Load balancing across worker instances

Run multiple workers in a group; Resonate dispatches work to whichever is available, recovers it when one dies.

Load Balancing banner

Run several workers in the same group. Calls to target: "poll://any@<group>" get dispatched to whichever worker claims them first. When a worker dies mid-execution, Resonate reassigns the work to a survivor — no service registry, no leader election, no glue.

SDK versions

TypeScript: @resonatehq/sdk v0.10.2 (current). Python: resonate-sdk v0.6.x against the legacy Resonate Server. Rust: 0.4.0, in active development. Go: pre-release — no semver tag yet, so the example pins a specific commit (see Go SDK).

The problem#

A single worker eventually runs out of capacity, and a single worker is also a single point of failure. The textbook fix is to run several — but that opens its own can: which worker has spare capacity, how does the caller find one, what happens when the chosen worker dies mid-job, who takes the work over?

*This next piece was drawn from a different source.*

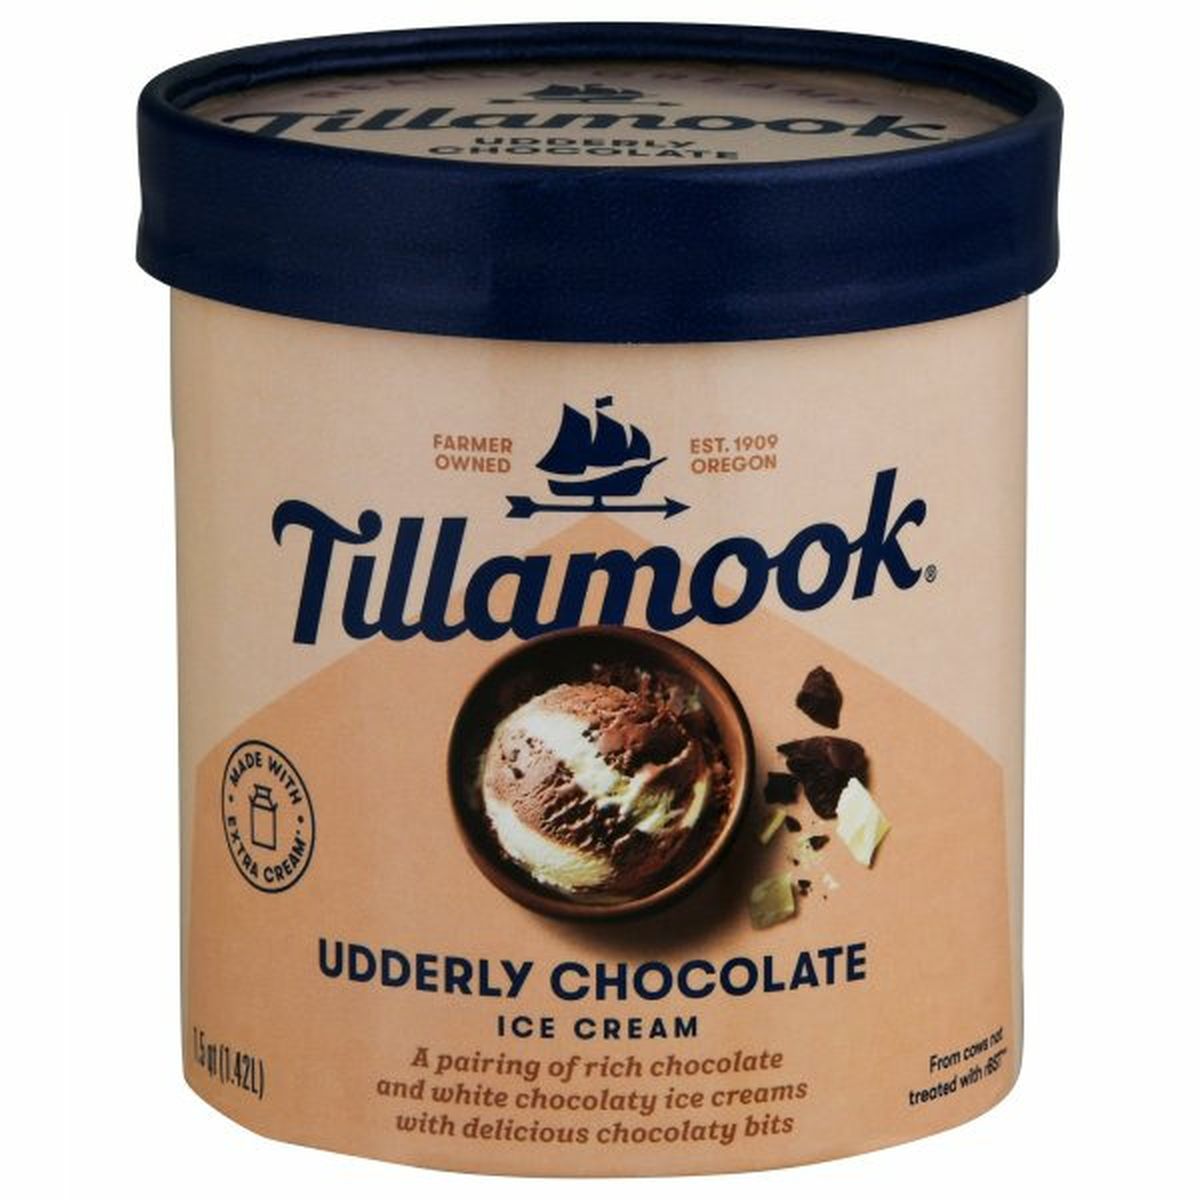 Calories in Tillamook Ice Cream, Udderly Chocolate
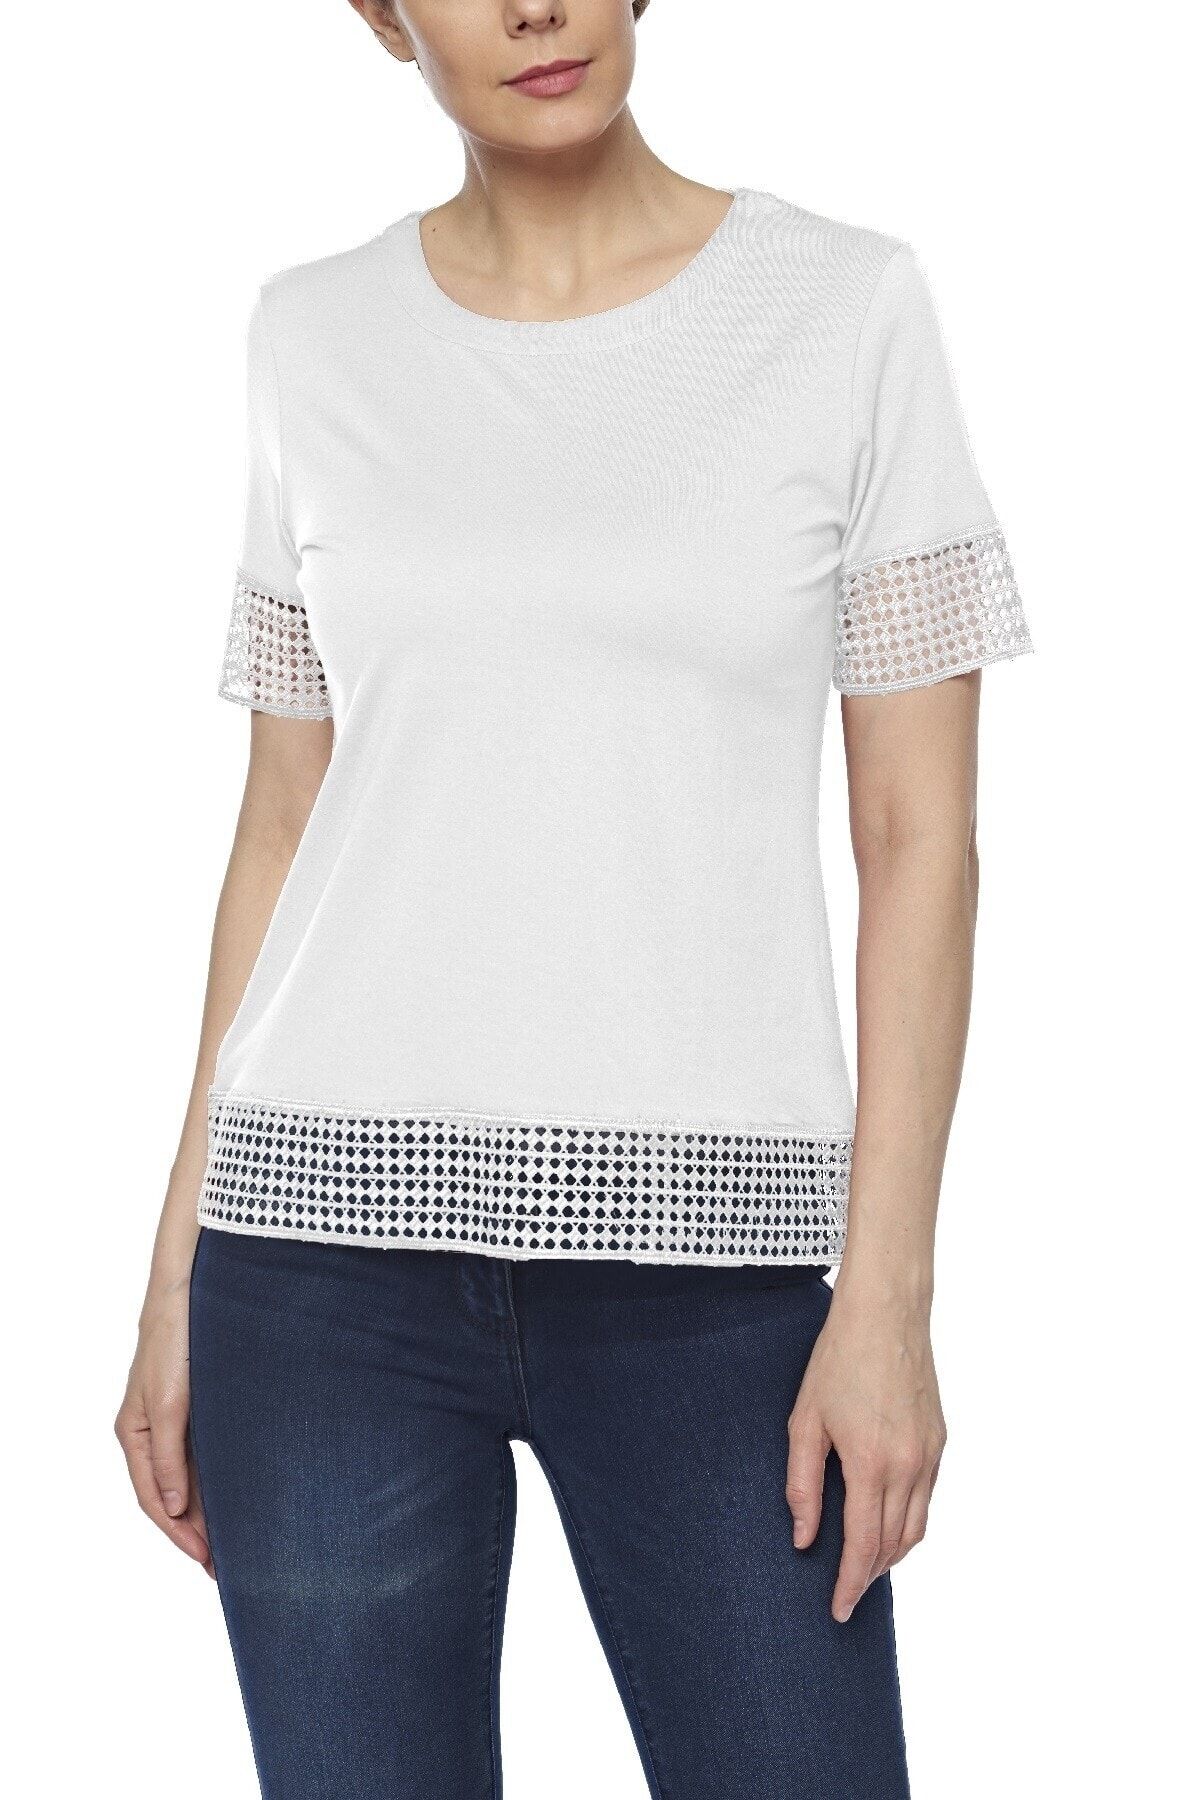 fsm1453 Kadın Pamuklu Modal Kısa Kolluy Üst Comfrot Fit Dantelli T-shirt -2412

Most teams end up bolting service discovery, load balancing, and recovery onto application code in three different places, each with its own bugs.

Resonate's solution#

Resonate ships service discovery, load balancing, and crash recovery behind one primitive: the target schema. Workers in the same group long-poll the server; the caller dispatches with target: "poll://any@<group>" and the server hands the work to whichever worker is ready. If that worker dies before completing, the workflow's durable promise stays open and another worker in the group picks it up.

Code walkthrough#

Two pieces: a worker that registers a durable function and joins a group, and a client that dispatches work to that group.

The worker group#

Each worker process is identical except for the group it joins. Run as many as you want — they share work automatically.

worker.ts·typescript
import { Resonate } from "@resonatehq/sdk";
import type { Context } from "@resonatehq/sdk";

const resonate = new Resonate({
  url: "http://localhost:8001",
  group: "workers",
});

function computeSomething(ctx: Context, args: { id: string; computeCost: number }) {
  console.log(`${args.id} starting computation`);
  setTimeout(() => {
    console.log(`${args.id} computed something that cost ${args.computeCost} seconds`);
  }, args.computeCost * 1000);
}

resonate.register("computeSomething", computeSomething);
console.log("worker is running...");

Dispatching to the group#

The caller picks a target with the poll://any@<group> schema. any means "whichever worker in the group claims it first."

client.ts·typescript
import { Resonate } from "@resonatehq/sdk";
import { v4 as uuid } from "uuid";

const resonate = new Resonate({
  url: "http://localhost:8001",
  group: "client",
});

const id = uuid();
const computeCost = Math.floor(Math.random() * 10) + 1;
await resonate.beginRpc(
  id,
  "computeSomething",
  { id, computeCost },
  resonate.options({ target: "poll://any@workers" }),
);
await resonate.stop();

Run it locally#

Start the server, run several workers, then dispatch repeatedly from the client.

shell
git clone https://github.com/resonatehq-examples/example-load-balancing-ts
cd example-load-balancing-ts
npm install
Terminal 1Resonate Server·shell
brew install resonatehq/tap/resonate
resonate dev
Terminals 2–4three workers·shell
npx tsx worker.ts
Terminal 5dispatch in a loop·shell
for i in 1 2 3 4 5 6; do npx tsx client.ts; done

Watch the work spread across the three worker terminals. Now kill one of them mid-execution — Resonate reassigns its in-flight workflow to a survivor.

Try the recovery story#

Start three workers and dispatch enough jobs to keep all of them busy. Kill the worker holding a long-running job. The Resonate Server detects the loss, reassigns the workflow's durable promise to one of the survivors, and the work continues. The client never sees an error — it just gets a slightly delayed result.

The TypeScript, Python, and Rust examples run each worker as its own process, so you can Ctrl-C a single one to watch this happen. The Go example runs its workers inside one process, so it demonstrates the distribution but not single-worker recovery — recursive factorial shows the Go crash-recovery story with a separate worker process.